Based on WP3's findings, a set of tools was selected for remediating each sample based on the starting format and the complexity of the content (images, links, tables, notes, …). The remediation was carried out by an experienced operator who has previously handled conversion and remediation activities, with an in-depth knowledge of publishers' production workflows, a proven track record in page layout programs (InDesign), and a solid understanding of ebooks accessibility requirements. The remediation process was structured into several steps:

  1. automatic remediation, to assess what the tools can fix automatically;

  2. tool-driven remediation (through accessibility error reports provided by the tool, in-tool guidance, etc.);

  3. manual remediation within the tool, using the options and functionalities provided by the tools itself;

  4. manual remediation using different tools, to correct those accessibility errors that the tool does not allow to be corrected effectively and, therefore, are still found in the output of step 3. Fixing these errors usually requires direct intervention in the HTML code (we, therefore, used an editor software named Sigil, which allows us to manipulate the EPUB code);

  5. semantic enrichment. This was an additional step aimed at getting semantically richer EPUBs beyond the compliance strictly needed to be in line with the accessibility requirements defined by the EAA.

We also conducted two preliminary actions:

  • file analysis to assess possible problems and

  • file format conversion, when necessary.

We monitored the time required for the execution of each step using a matrix prepared for this purpose. For each step, we reported the time required to correct the different accessibility problems, starting with the most recurring ones from the gap analysis of WP2. This allowed us, for each combination of file and tool, to:

  • know the total time needed for each step;

  • identify which accessibility issues can actually be fixed in each step (thus, for each tool, which can be corrected in step 1 automatically, and which require manual intervention with the same or a different tool);

  • know the time required to solve each accessibility issue in the step in which it was solved (except for step 1, for which only the total time can be measured).

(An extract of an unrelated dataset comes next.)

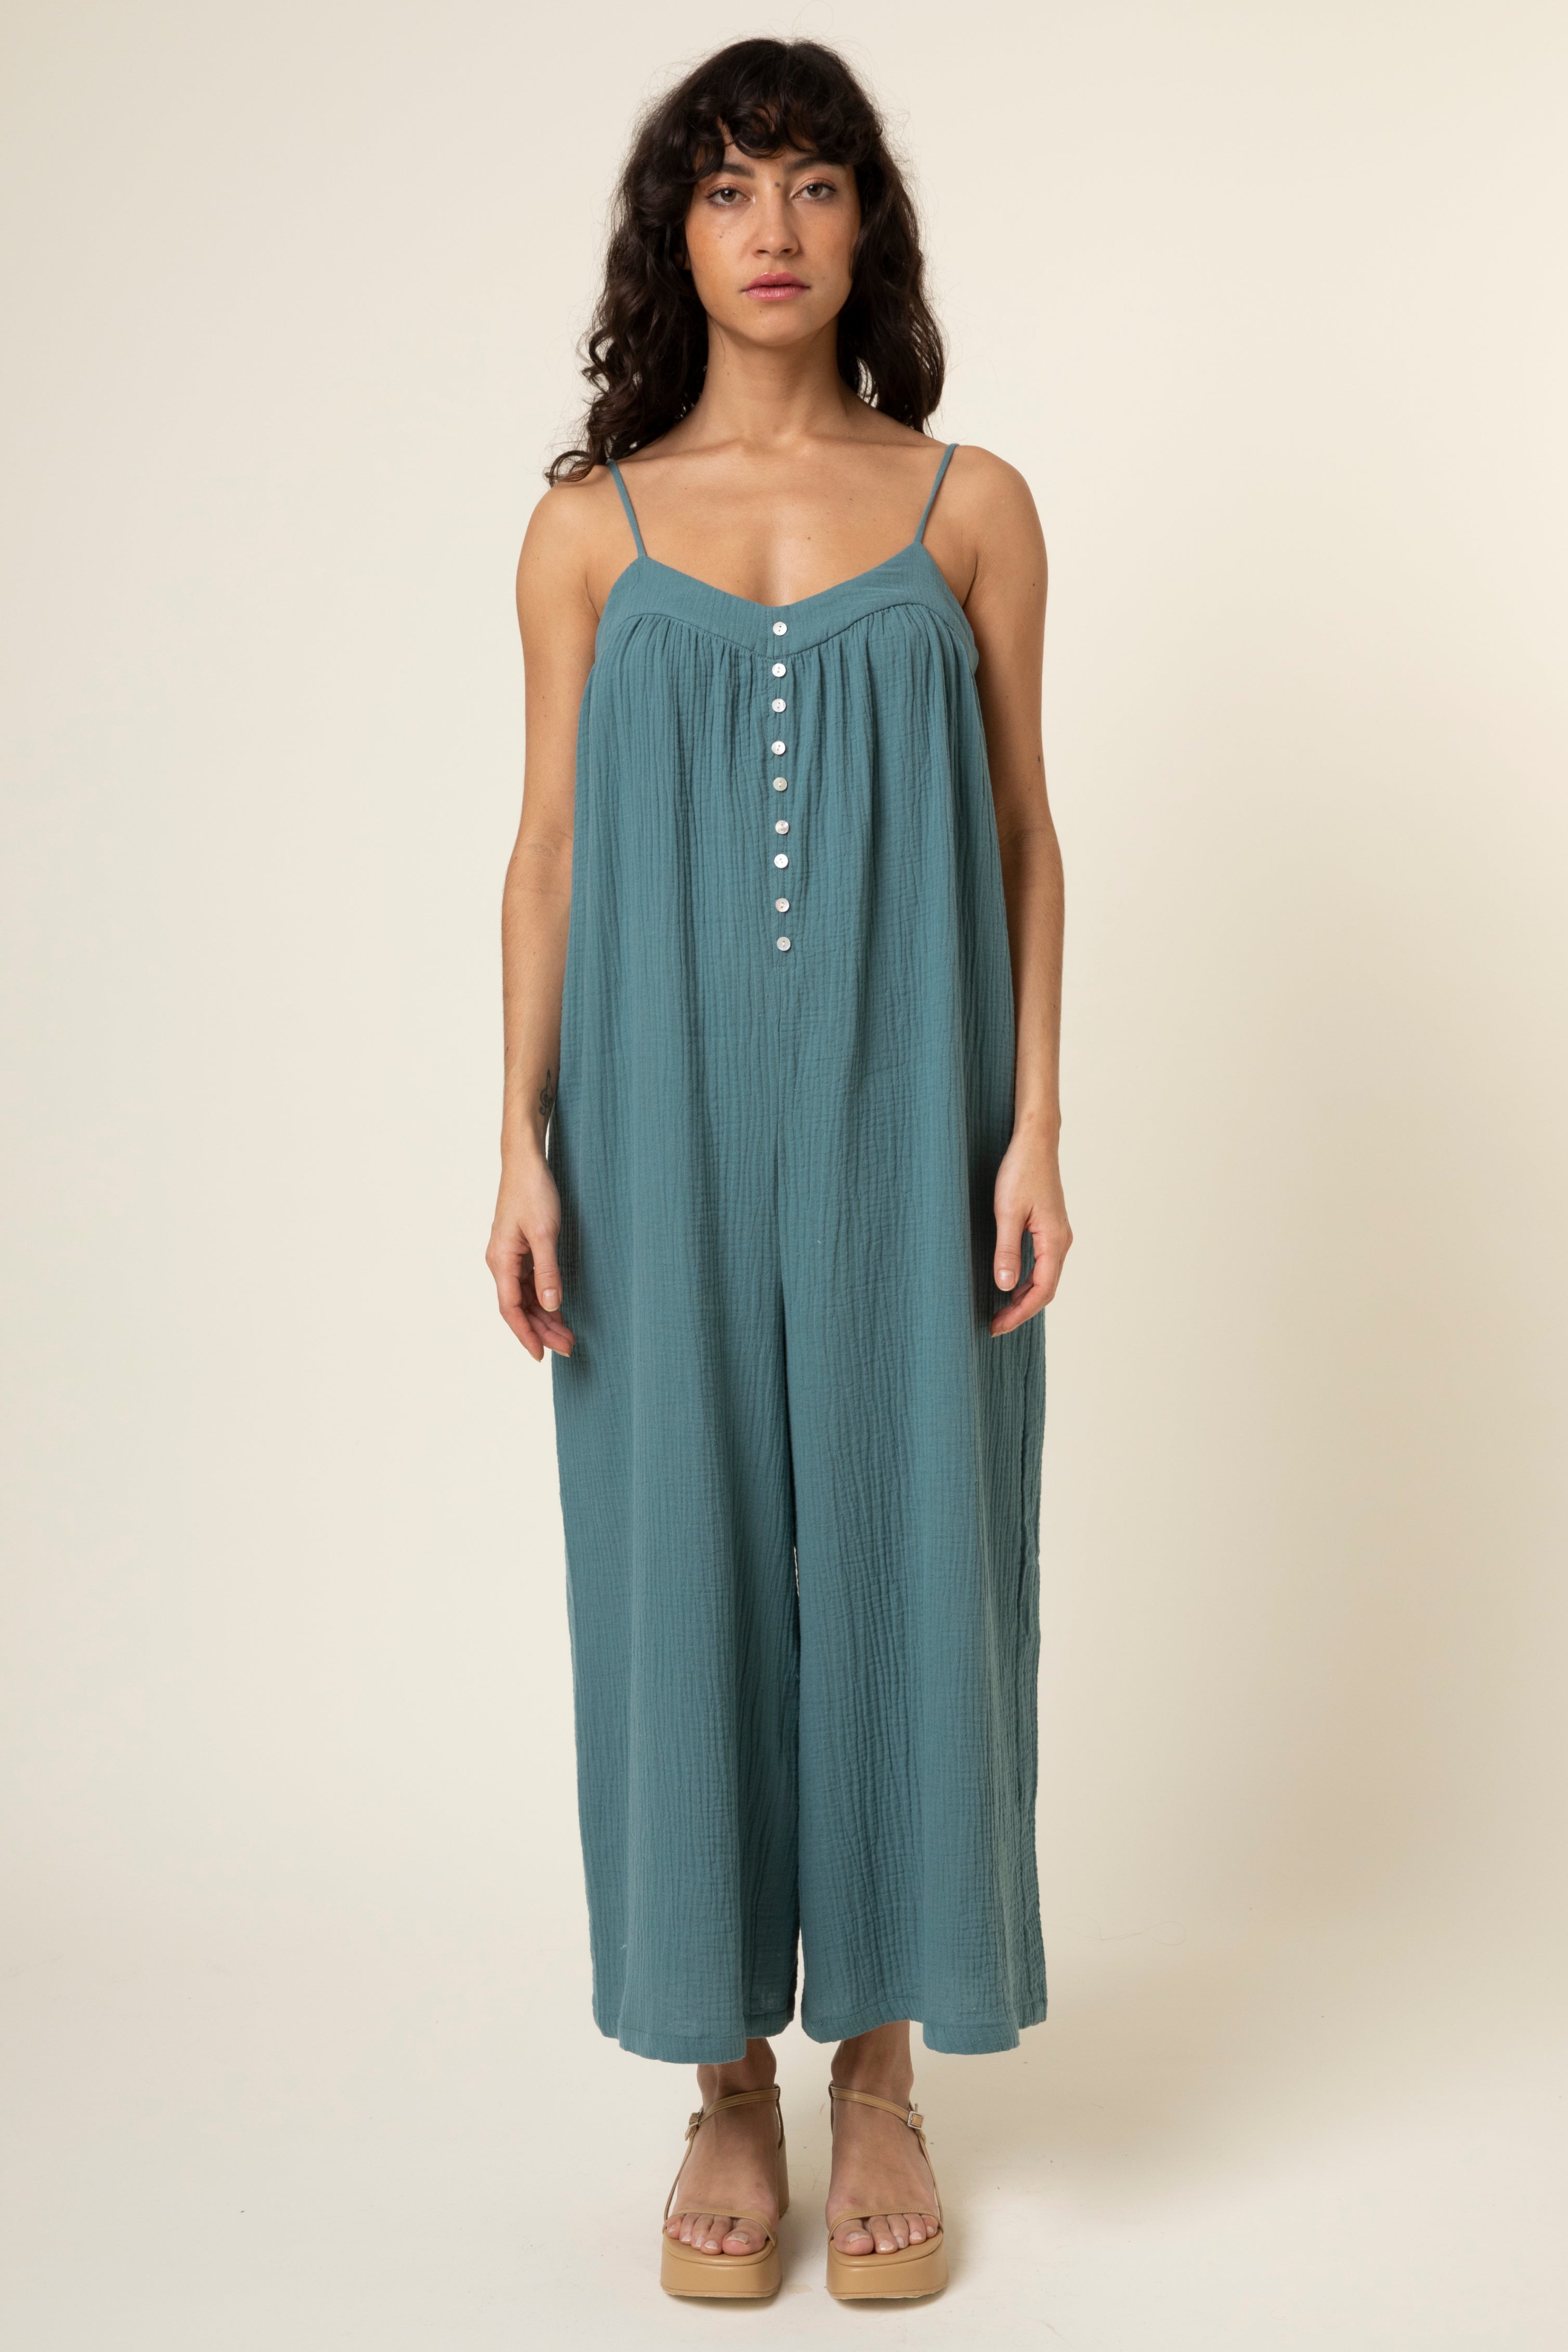 The Regina Woven Jumpsuit by FRNCH
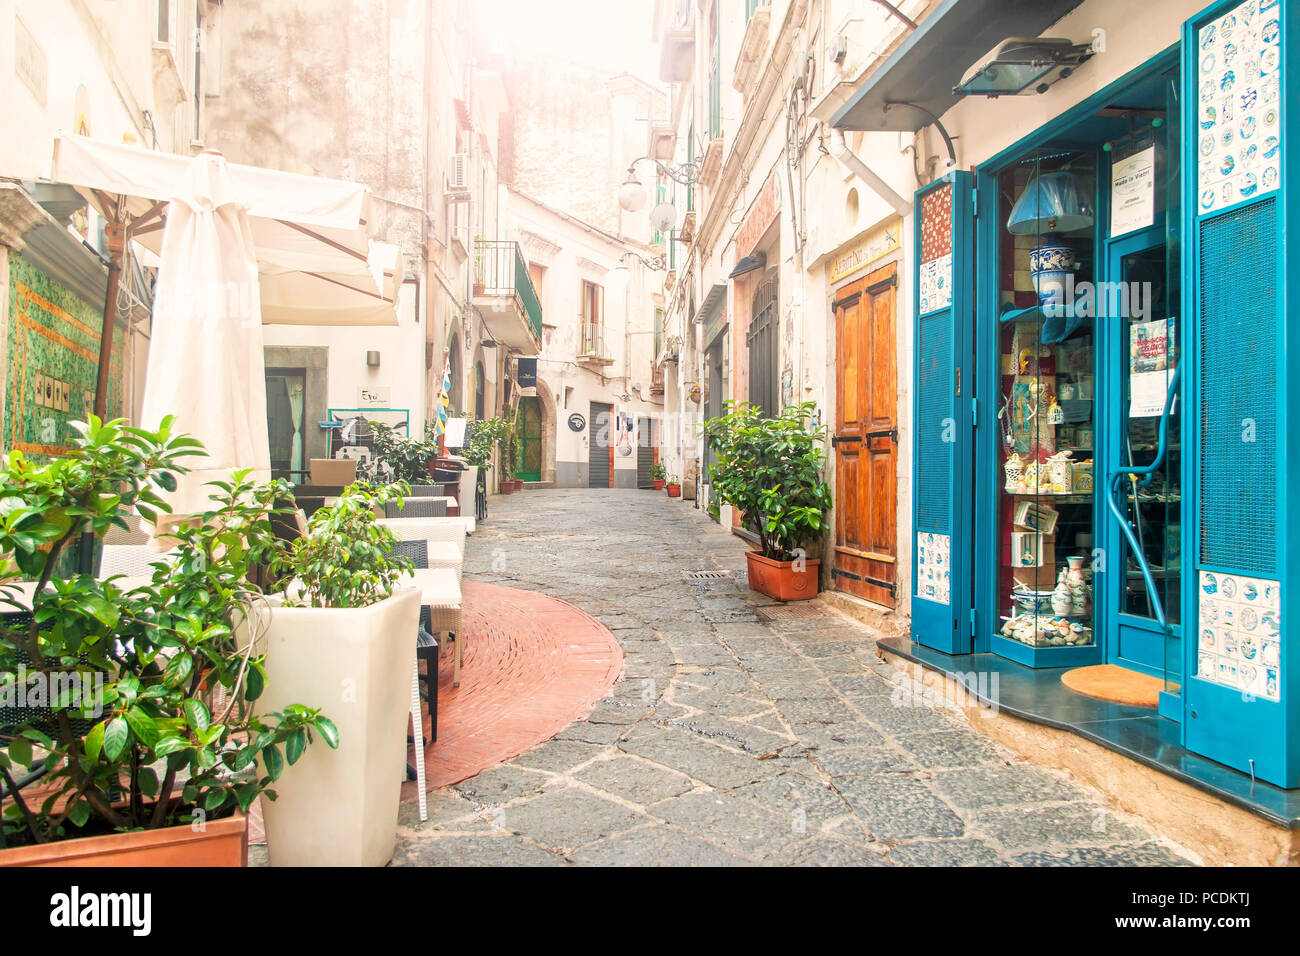 VIETRI-SUL-MARE, ITALY - 3 SEPTEMBER, 2017: view of empty narrow street full of cafes and souvenir shops in early morning with sun shining through the Stock Photo

In the case of step 1 (automatic remediation), the total time required for the tool to complete the process was reported aside as time spent by the machine is not priced the same as human time.

This approach allowed us to have an overall, detailed overview of the time associated with the remediation activity for each file and tool. The related internal deliverable Cost benchmark report (SEN) was finalised on the 15th of April, 2024.

Communication and Dissemination (WP5)

The project communication and dissemination activities are conducted in 3 main temporalities:

  • an initial communication period to inform about the project;

  • a continuous information delivery;

  • a final communication stage.

The initial communication's objective was to enlist publishers interested in the project. This was done at the first level with national workshops and individual talks in France, Italy and the Netherlands in local languages and organised independently by each project partner. At a second level, we presented the project in English to publishers' associations with the help of the Federation of European Publishers. We also presented the project to Inclusive Publishing members and at the Include! Conference organised by MTM, the Swedish agency for accessible books in Malmö, Sweden. Complementary to those presentations, the three project partners produced news on their website and communication on their social media. A blog article was published by IPA. This phase allowed for widespread knowledge about the project and provided us with more publishers willing to collaborate with the project than expected.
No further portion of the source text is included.